殺意の再来
「何っ!?ダークネスがまた攻めて来るのか!?」
赤い夕日に照らされたパーニズの草原に建つギルド小屋に戻ったレオ達は、エレナスにギルガが放った言葉を話した。エレナスは目を大きく開いて驚き、その後、カウンターに拳を置いて下を向いた。
「……まずいな……分かってると思うが、今はシルバもマリスも出せん。恐らくココもな。……っ…こんな時にっ…。」
「それで、今回のダークネスの目的は?」
エルドは皿を拭く手を止め、レオに口を開いた。レオは真剣な眼差しでエルドの紫色の瞳を見つめる。
「それが……彼は、自分でも分からない……と…」
「……そうですか。
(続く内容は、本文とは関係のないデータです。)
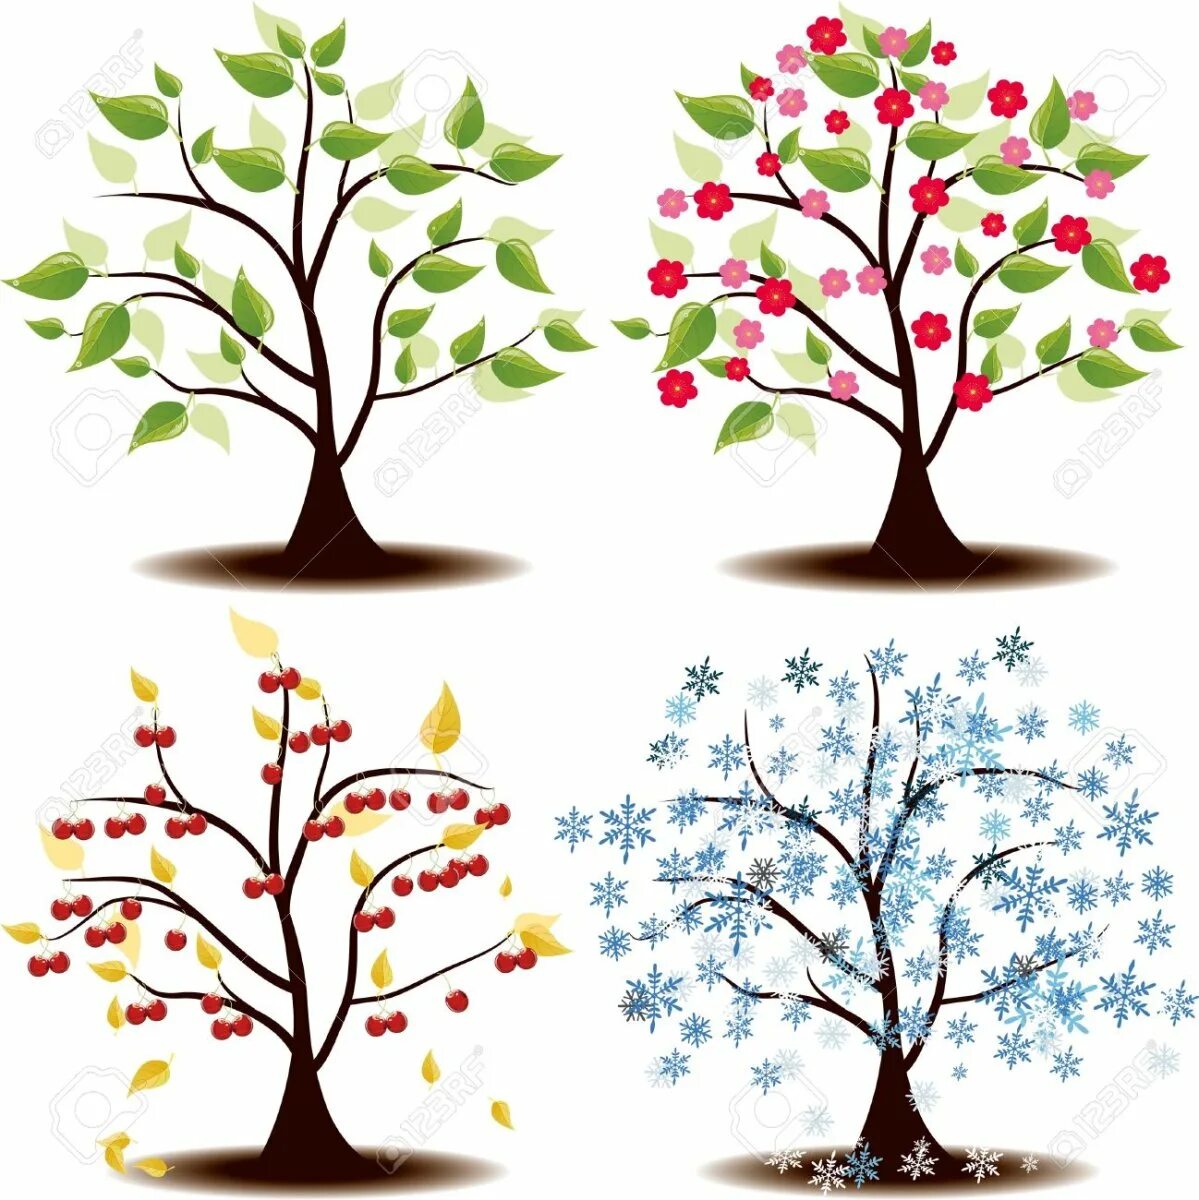 Яблоня в разные времена года. Дерево вишни во все времена года. Яблоня весной летом осенью и зимой. Вишня дерево рисунок.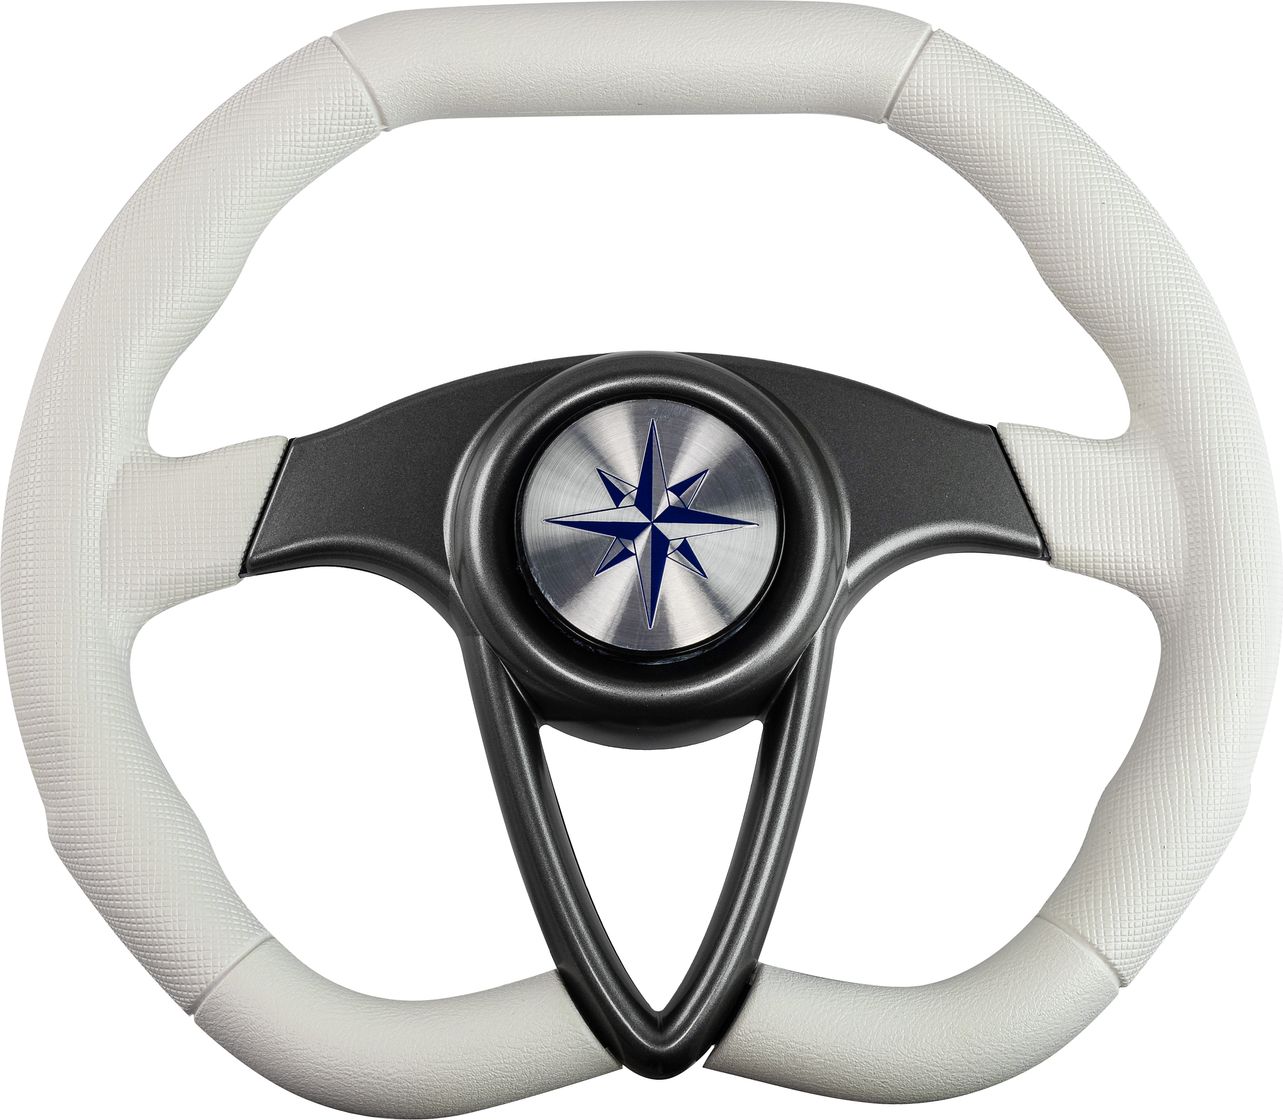 Рулевое колесо BARRACUDA обод белый, спицы серебряные д. 350 мм VN135002-08 рулевое колесо leader plast белый обод серебряные спицы д 330 мм vn8330 08

」
レオの言葉を聞いてエルドが目を閉じると、窓側のテーブル席に座るライラが首を傾げてレオ達を見た。
「でも、何かおかしい……敵の世界を攻めるっていうのに、目的を知らない部下が居るのは……」
「上の命令を無視した単独行動だ。」
そこに居た人の全ての視線は、ライラと向かい合って座るリュオンに奪われた。彼は静かにタバコの煙を吐いている。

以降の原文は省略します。